The human endothelium forms a permeable barrier between the blood stream and the surrounding tissue, strictly regulating the passage of immune cells and metabolites. For its correct function, regulation of cell-cell contact dynamics between endothelial cells is essential. In this context, we focus particularly on the adherens junctions system, which is predominantly composed of intercellular adhesion proteins such as VE-cadherin and nectin, as well as their associated proteins.
Drebrin, an F-actin binding protein has been included in the growing list of “junction associated” proteins, but its potential role in adherens junction dynamics has been unclear so far. We could show that knockdown of drebrin leads to functional impairments of endothelial monolayers, shown by rupturing of HUVEC monolayers cultured under constant unidirectional flow conditions, which mimic blood flow in vessels.

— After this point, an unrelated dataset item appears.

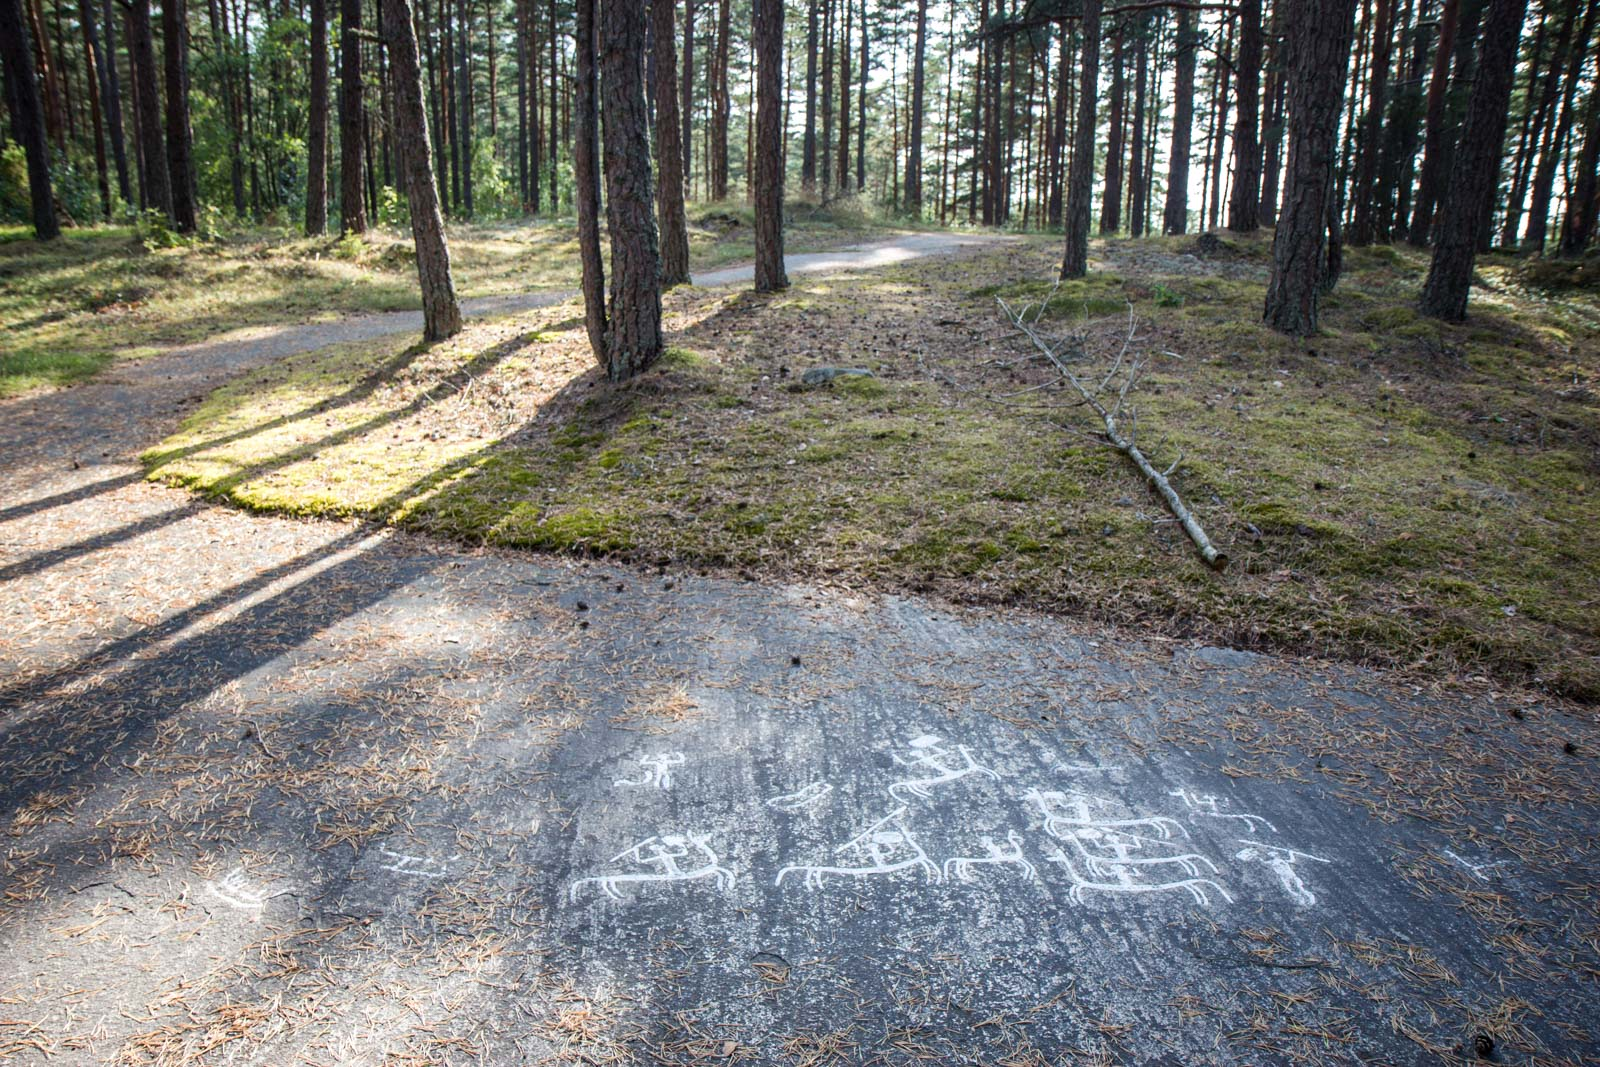 Tanum rock carvings, Bohuslän, Sweden
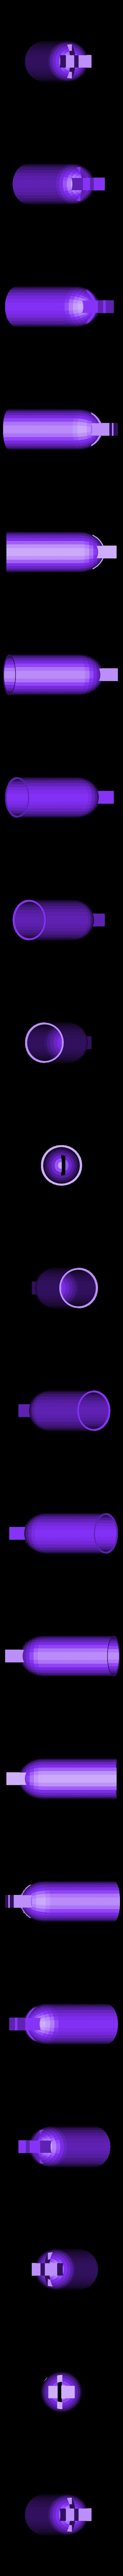 tree_topper_base.stl Download free STL file Mr Hankey & South Park Sign • 3D printing design, ChaosCoreTech

The observed weakening of cell-cell contacts is characterized by a specific and complete loss of nectin from adherens junctions, due to its endocytosis and subsequent degradation in lysosomes.
Performing co-immunoprecipitation and GST-pulldown experiments, we could show that drebrin does not interact with nectin-2 directly, but with its binding partner, afadin. This was further confirmed by mitochondrial retargeting experiments, where drebrin’s afadin-binding polyproline region fused to a mitochondrial targeting signal is sufficient to relocalize afadin towards the outer membrane of mitochondria.
Furthermore, we could demonstrate that drebrin’s role in maintaining junctional integrity is to link the nectin/afadin system to the cortical F-actin network. Evidence is provided by expressing minimal rescue constructs containing exclusively afadin´s PDZ region (binding nectin) coupled to drebrin´s F-actin binding region, which restores junctional nectin under knockdown of both drebrin and afadin.
These results contribute to our current understanding of how junctions are regulated in the endothelium under vascular flow. In particular, the newly identified interaction between drebrin and afadin is shown to be crucial for nectin-based junctional integrity. They also indicate that, contrary to previous assumptions, nectins are not only important for formation of cell-cell junctions but also for their upkeep. Current work concerns the dynamic regulation of the F-actin-drebrin-afadin-nectin chain in maintaining endothelial integrity.